Re: Make COPY format extendable: Extract COPY TO format implementations

From: Michael Paquier <michael(at)paquier(dot)xyz>
To: Sutou Kouhei <kou(at)clear-code(dot)com>
Cc: sawada(dot)mshk(at)gmail(dot)com, zhjwpku(at)gmail(dot)com, andrew(at)dunslane(dot)net, nathandbossart(at)gmail(dot)com, pgsql-hackers(at)postgresql(dot)org
Subject: Re: Make COPY format extendable: Extract COPY TO format implementations
Date: 2024-02-02 08:04:28
Message-ID: ZbyiDHIrxRgzYT99@paquier.xyz
Views: Raw Message | Whole Thread | Download mbox | Resend email
Thread:
Lists: pgsql-hackers

On Fri, Feb 02, 2024 at 04:33:19PM +0900, Sutou Kouhei wrote:
> Hi,
>
> In <ZbyJ60Fd7CHt4m0i(at)paquier(dot)xyz>
> "Re: Make COPY format extendable: Extract COPY TO format implementations" on Fri, 2 Feb 2024 15:21:31 +0900,
> Michael Paquier <michael(at)paquier(dot)xyz> wrote:
>
> > I have done a review of v10, see v11 attached which is still WIP, with
> > the patches for COPY TO and COPY FROM merged together. Note that I'm
> > thinking to merge them into a single commit.
>
> OK. I don't have a strong opinion for commit unit.
>
> > @@ -74,11 +75,11 @@ typedef struct CopyFormatOptions
> > bool convert_selectively; /* do selective binary conversion? */
> > CopyOnErrorChoice on_error; /* what to do when error happened */
> > List *convert_select; /* list of column names (can be NIL) */
> > + const CopyToRoutine *to_routine; /* callback routines for COPY TO */
> > } CopyFormatOptions;
> >
> > Adding the routines to the structure for the format options is in my
> > opinion incorrect. The elements of this structure are first processed
> > in the option deparsing path, and then we need to use the options to
> > guess which routines we need.
>
> This was discussed with Sawada-san a bit before. [1][2]
>
> [1] https://www.postgresql.org/message-id/flat/CAD21AoBmNiWwrspuedgAPgbAqsn7e7NoZYF6gNnYBf%2BgXEk9Mg%40mail.gmail.com#bfd19262d261c67058fdb8d64e6a723c
> [2] https://www.postgresql.org/message-id/flat/20240130.144531.1257430878438173740.kou%40clear-code.com#fc55392d77f400fc74e42686fe7e348a
>
> I kept the routines in CopyFormatOptions for custom option
> processing. But I should have not cared about it in this
> patch set because this patch set doesn't include custom
> option processing.

One idea I was considering is whether we should use a special value in
the "format" DefElem, say "custom:$my_custom_format" where it would be
possible to bypass the formay check when processing options and find
the routines after processing all the options. I'm not wedded to
that, but attaching the routines to the state data is IMO the correct
thing, because this has nothing to do with CopyFormatOptions.

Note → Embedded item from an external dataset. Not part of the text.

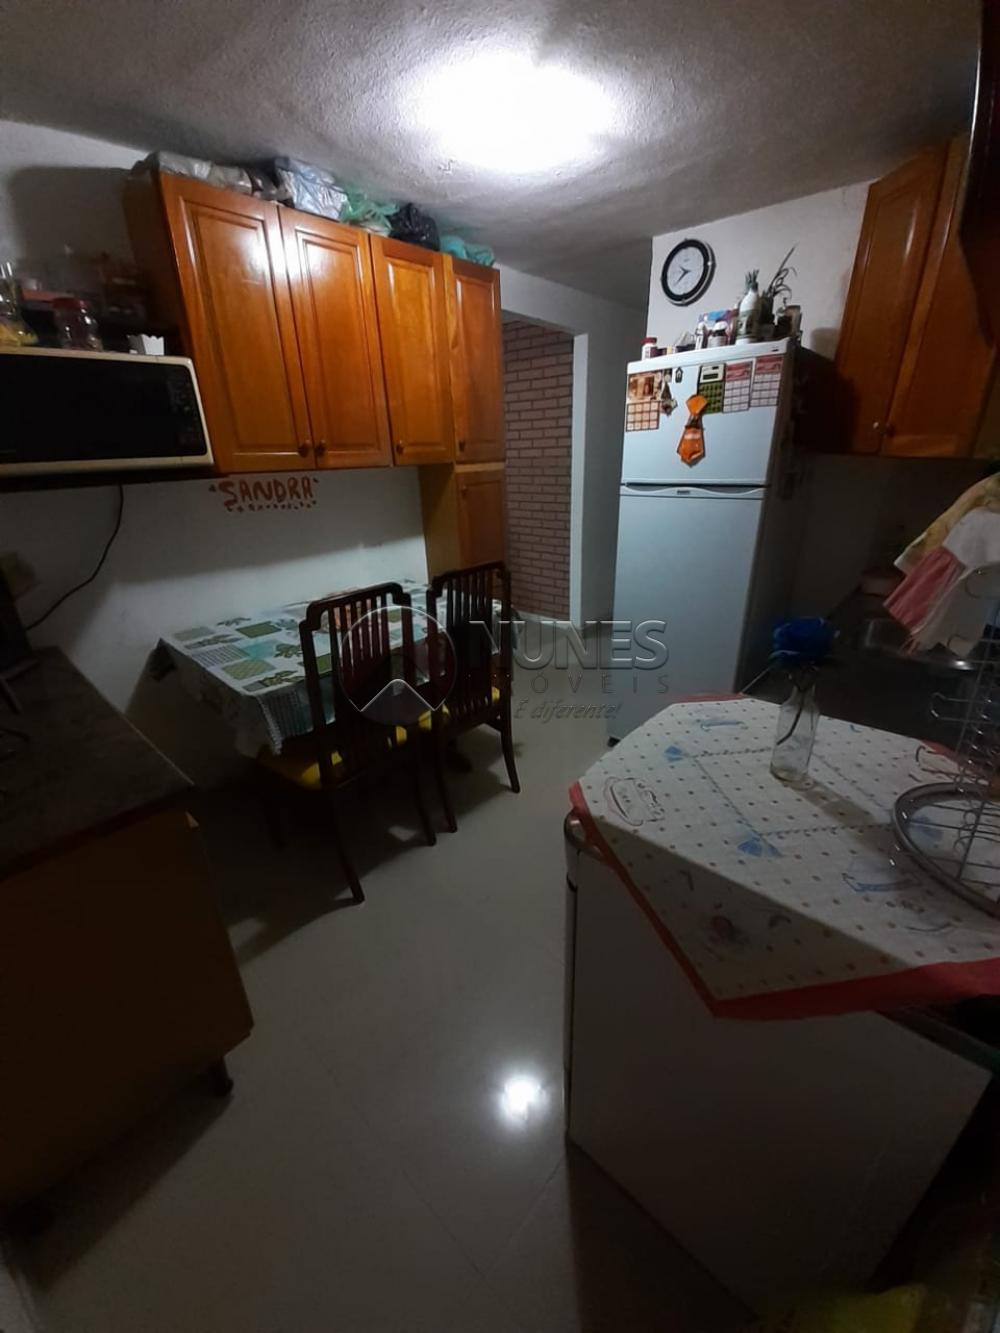 Comprar Apartamento / Padrão em Carapicuíba R$ 140.000,00 - Foto 4
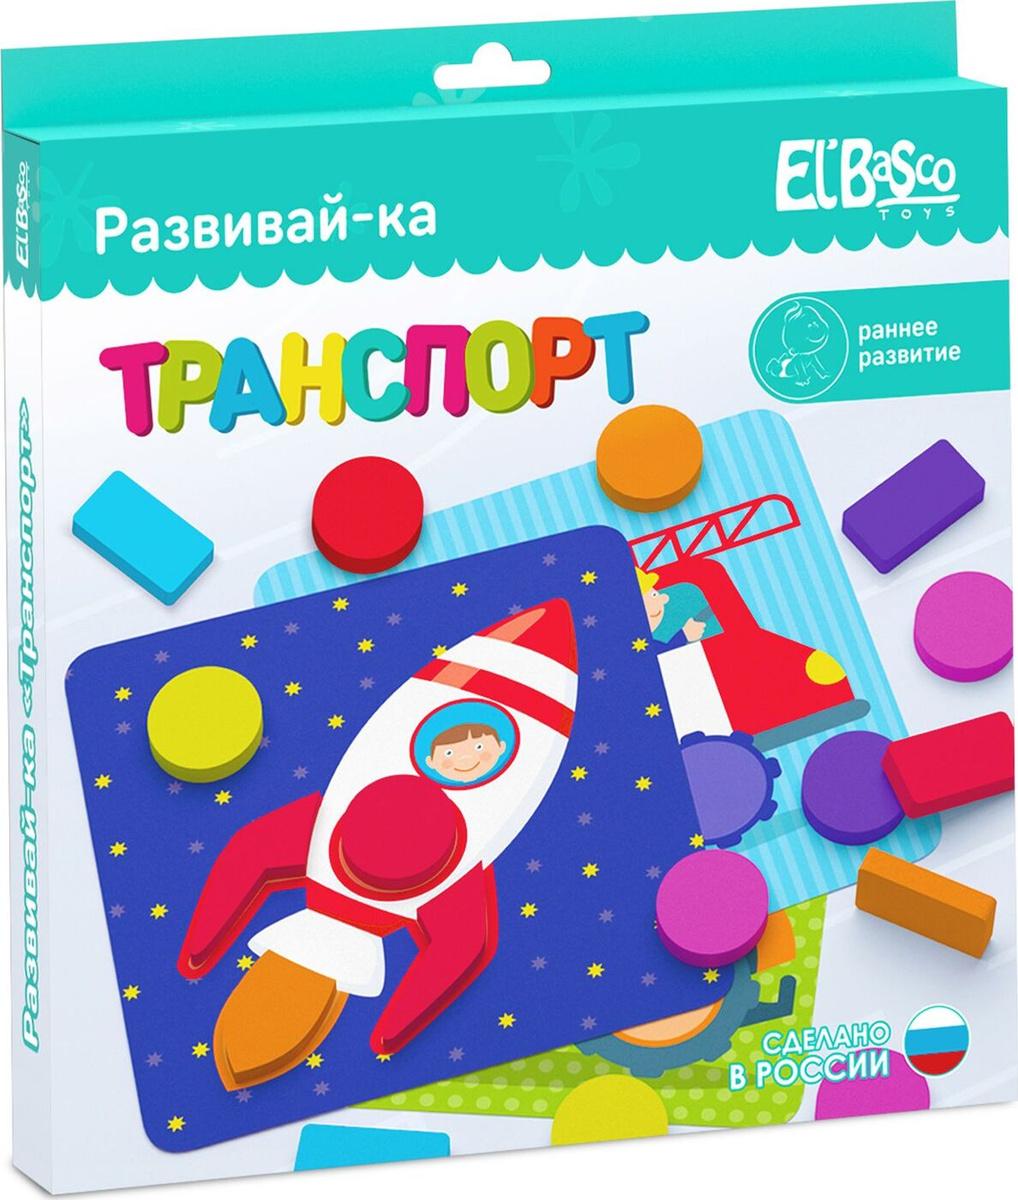 Настольная игра El'BascoToys Развивай-ка Транспорт #1

> So I'm OK that we move the routines to
> Copy{From,To}StateData.

Okay.

>> copyapi.h needs more documentation, like what is expected for
>> extension developers when using these, what are the arguments, etc. I
>> have added what I had in mind for now.
>
> Thanks! I'm not good at writing documentation in English...

No worries.

> I'm OK with the approach. But how about adding the extra
> callbacks to Copy{From,To}StateData not
> Copy{From,To}Routines like CopyToStateData::data_dest_cb and
> CopyFromStateData::data_source_cb? They are only needed for
> "text" and "csv". So we don't need to add them to
> Copy{From,To}Routines to keep required callback minimum.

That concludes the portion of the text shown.